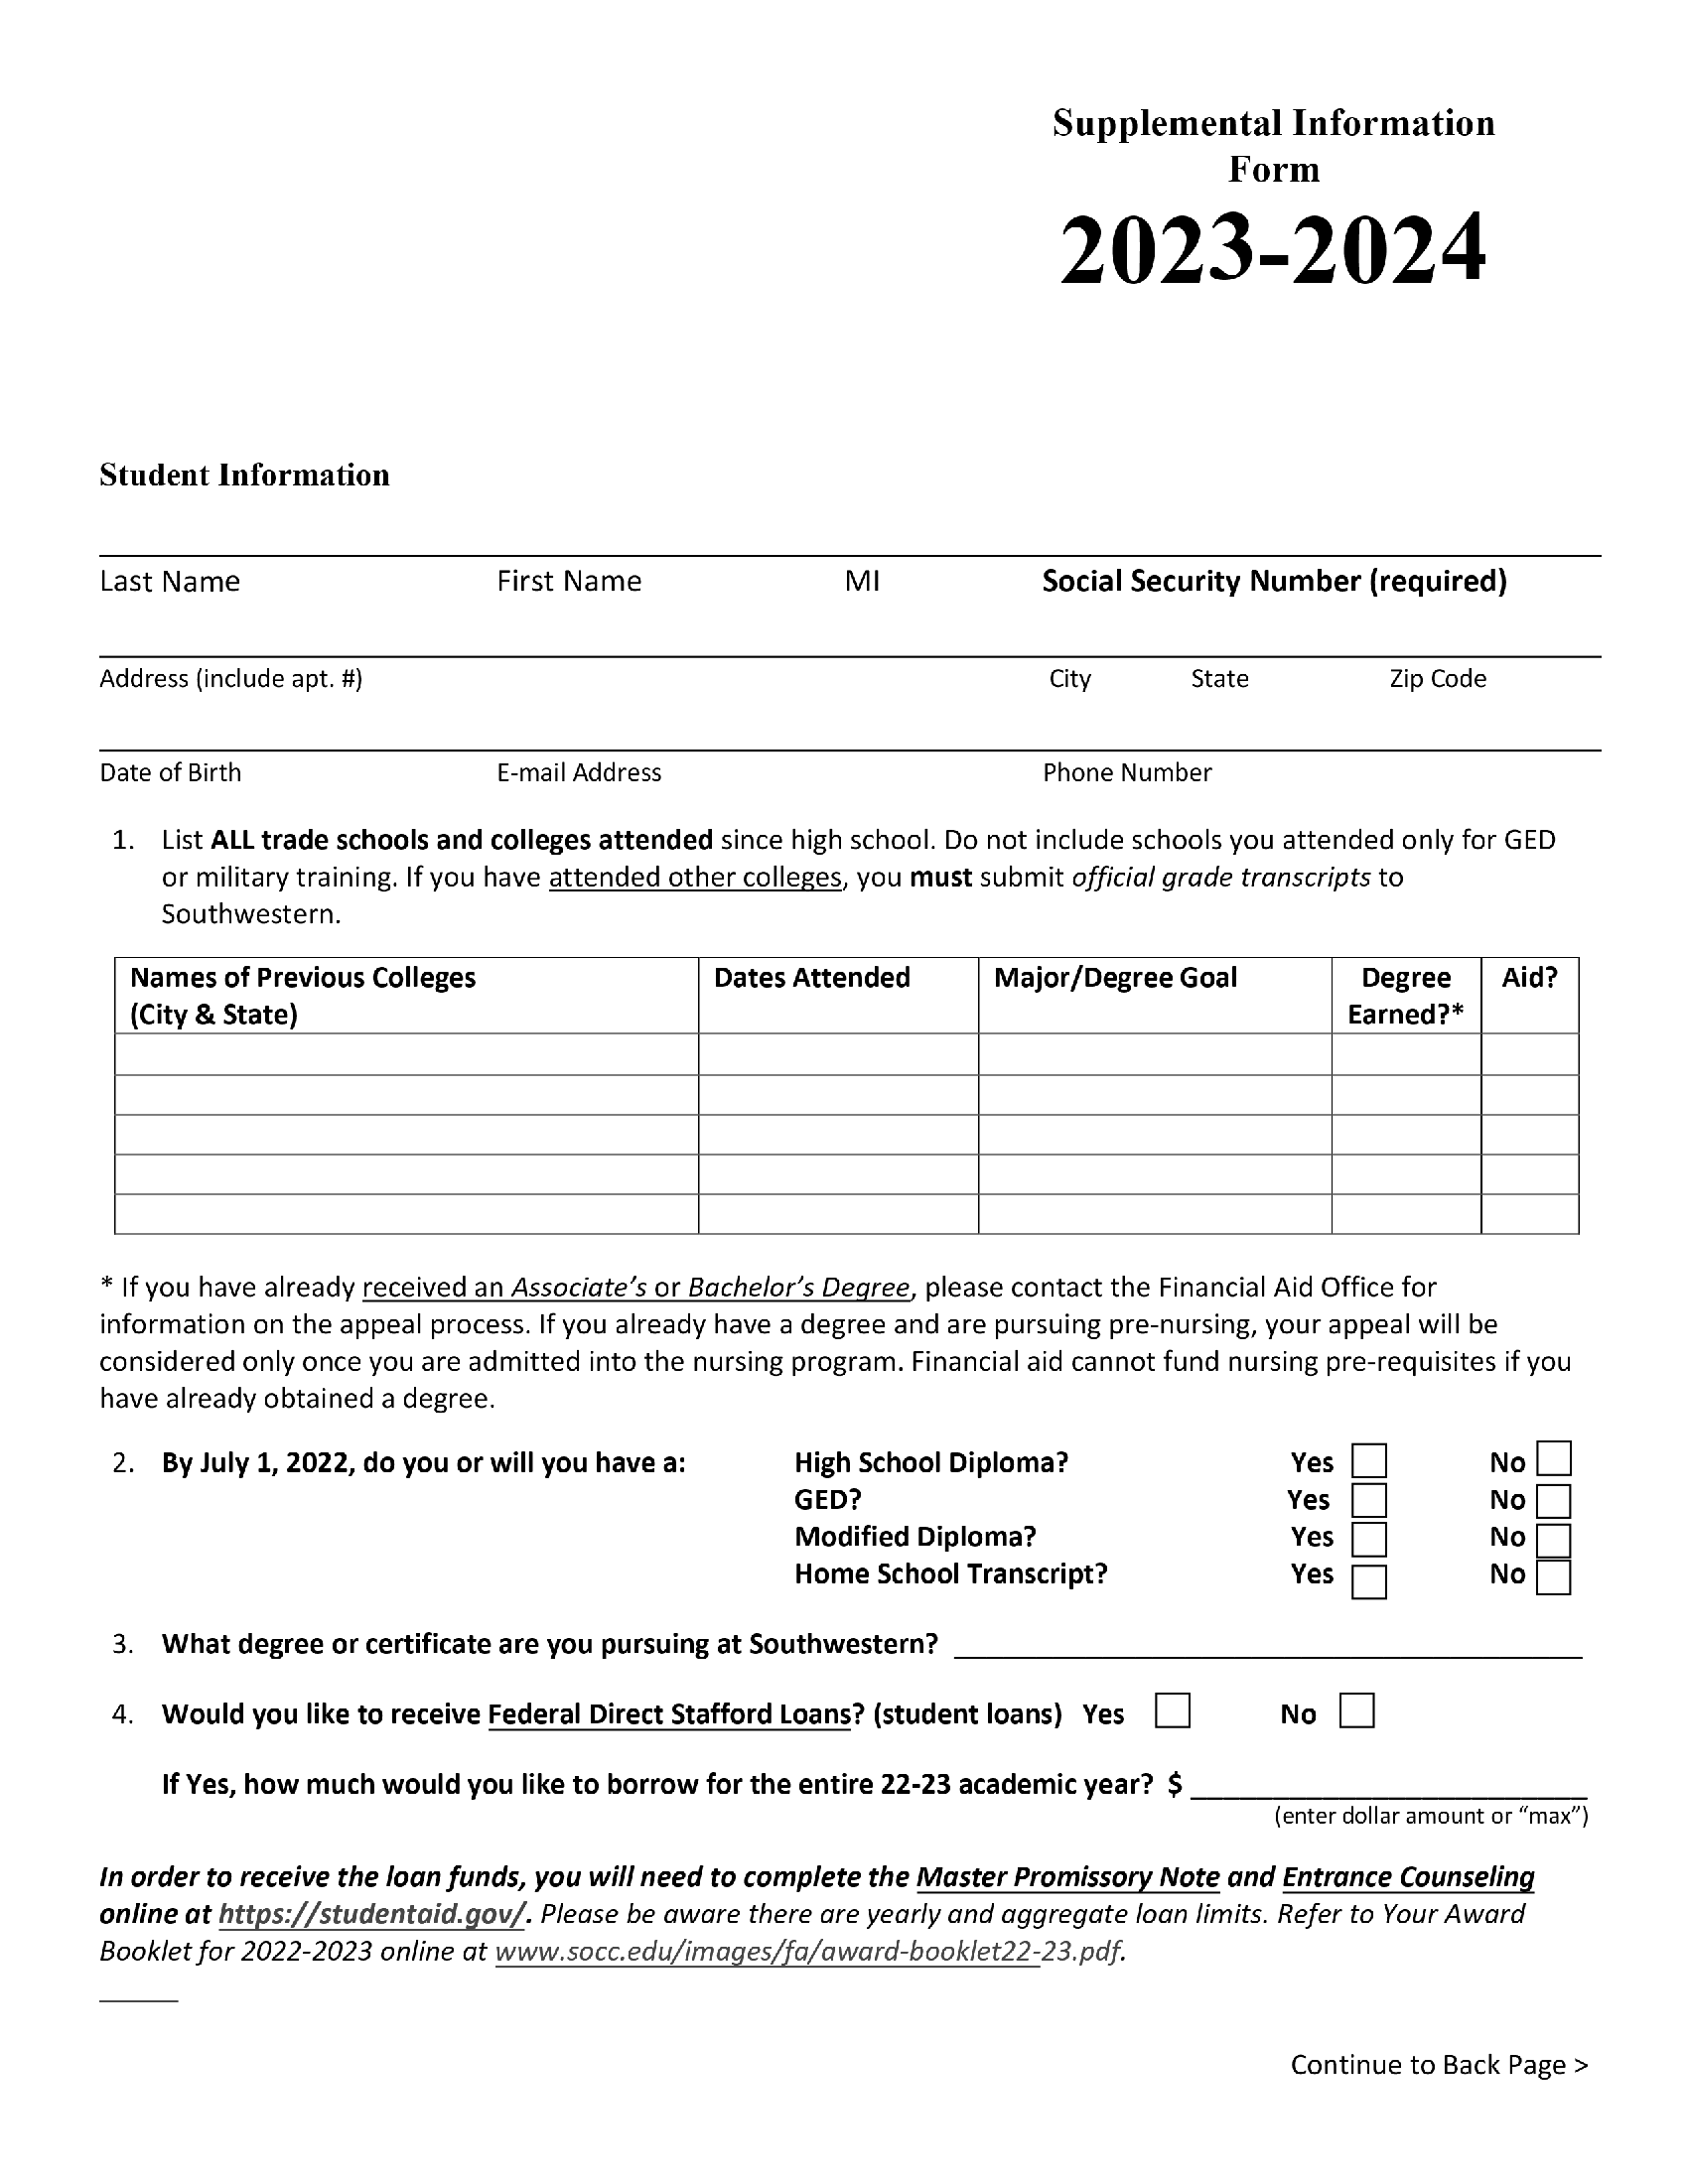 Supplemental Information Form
+ + +
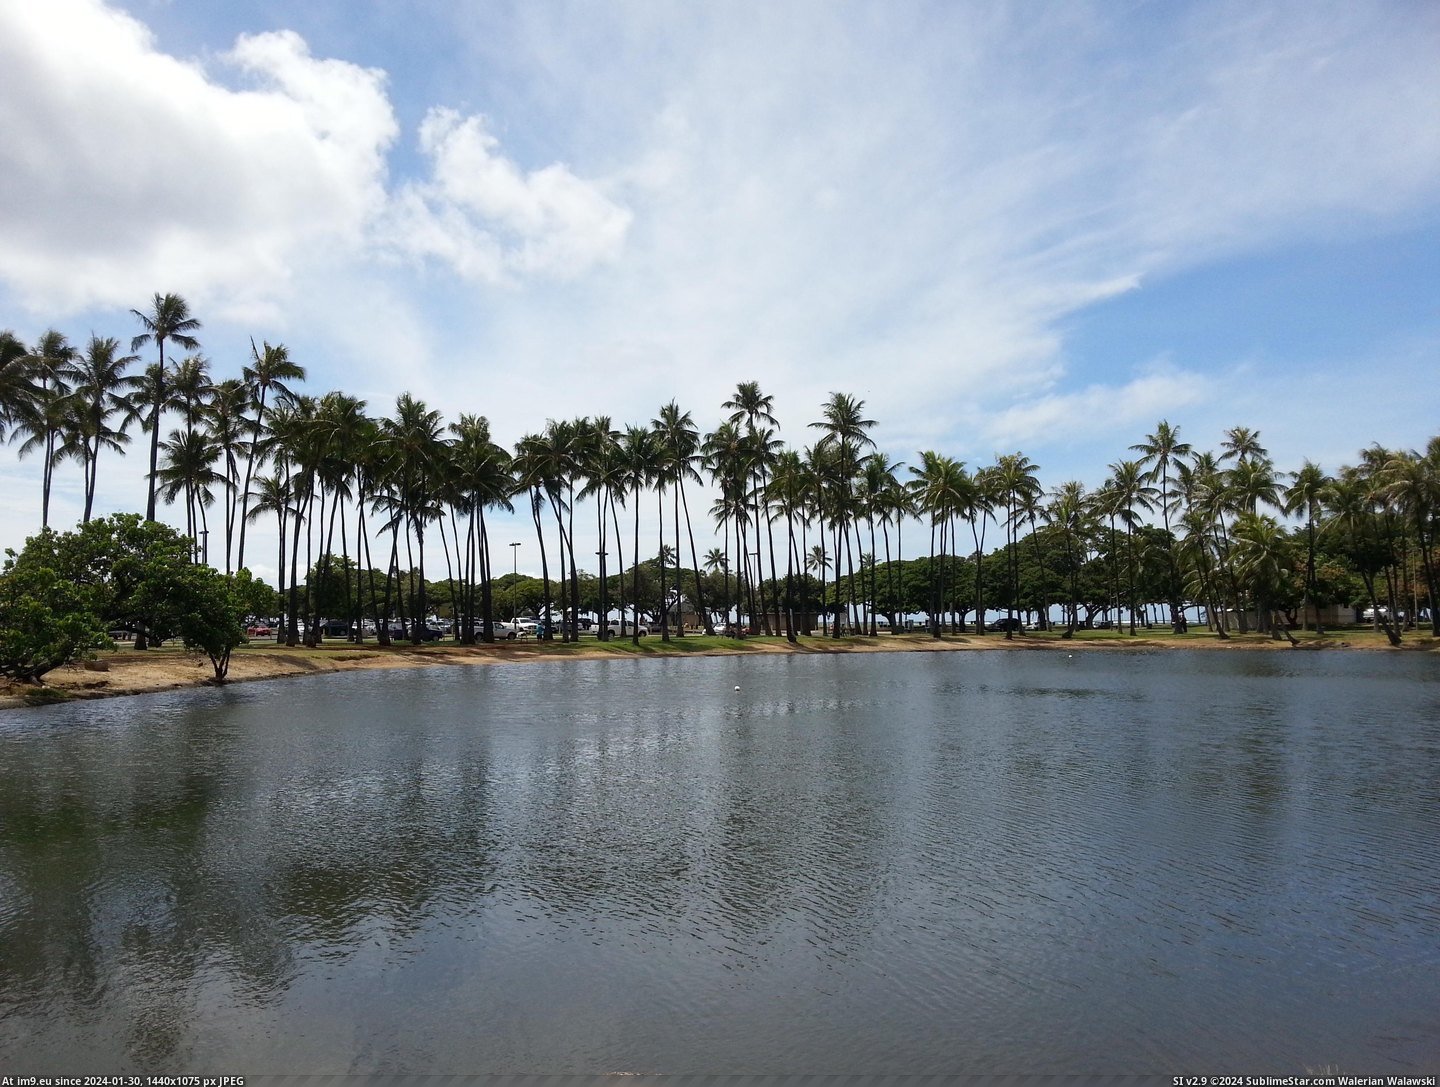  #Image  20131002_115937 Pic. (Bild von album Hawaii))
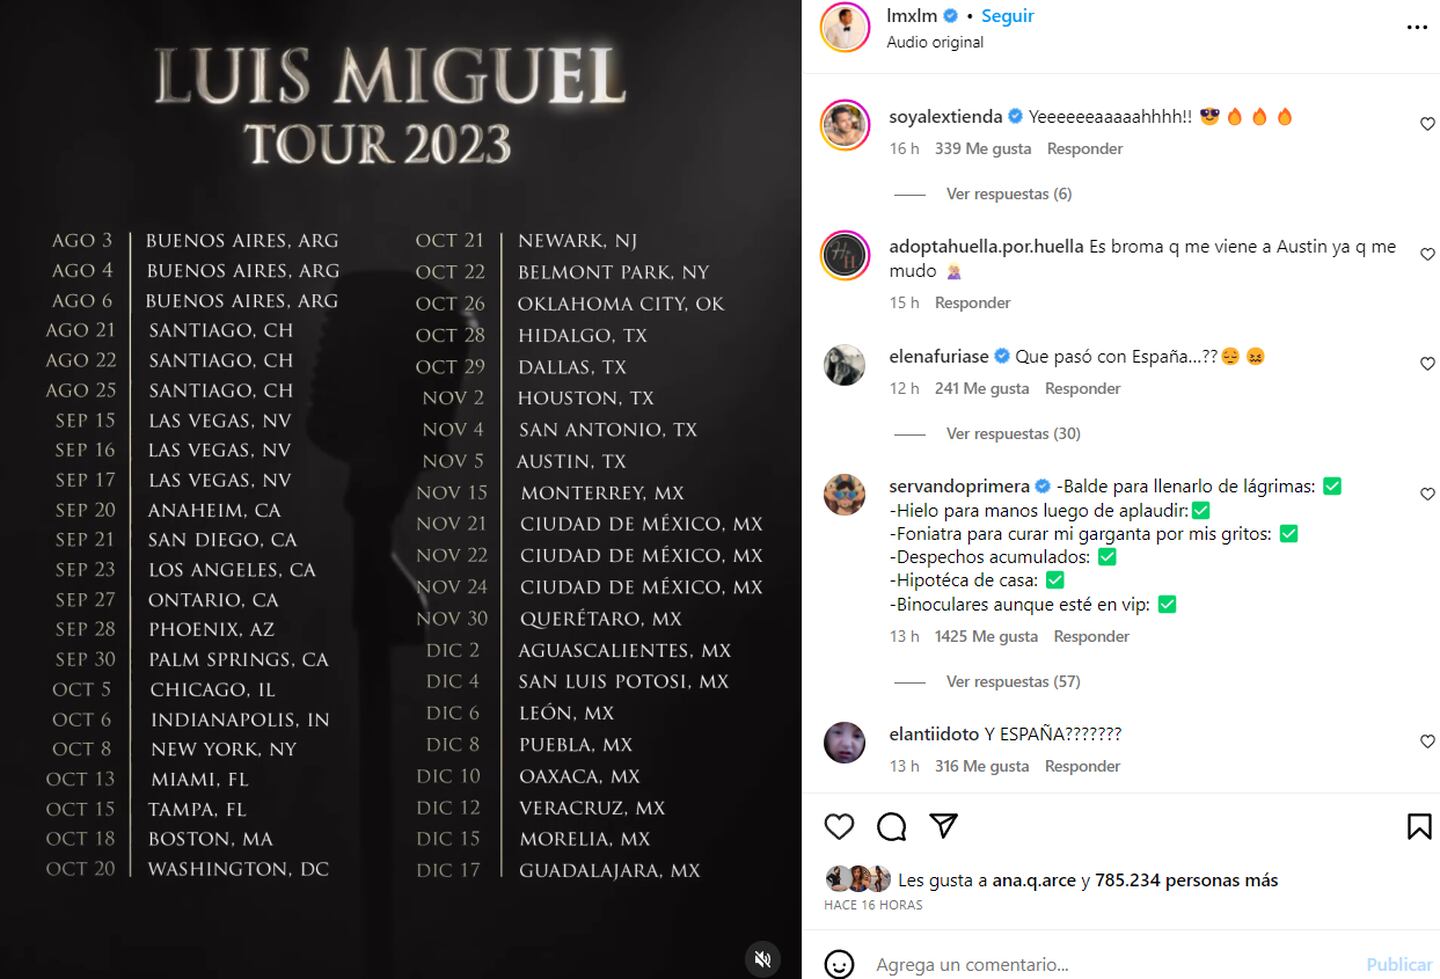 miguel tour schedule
+ + +
### Exercise requirements
Of the lines above, quote exactly those from the one with "von album Hawaii))" through the one with "miguel tour schedule", ends included; pictures stay out.

### Answer below
  #Image  20131002_115937 Pic. (Bild von album Hawaii))
 miguel tour schedule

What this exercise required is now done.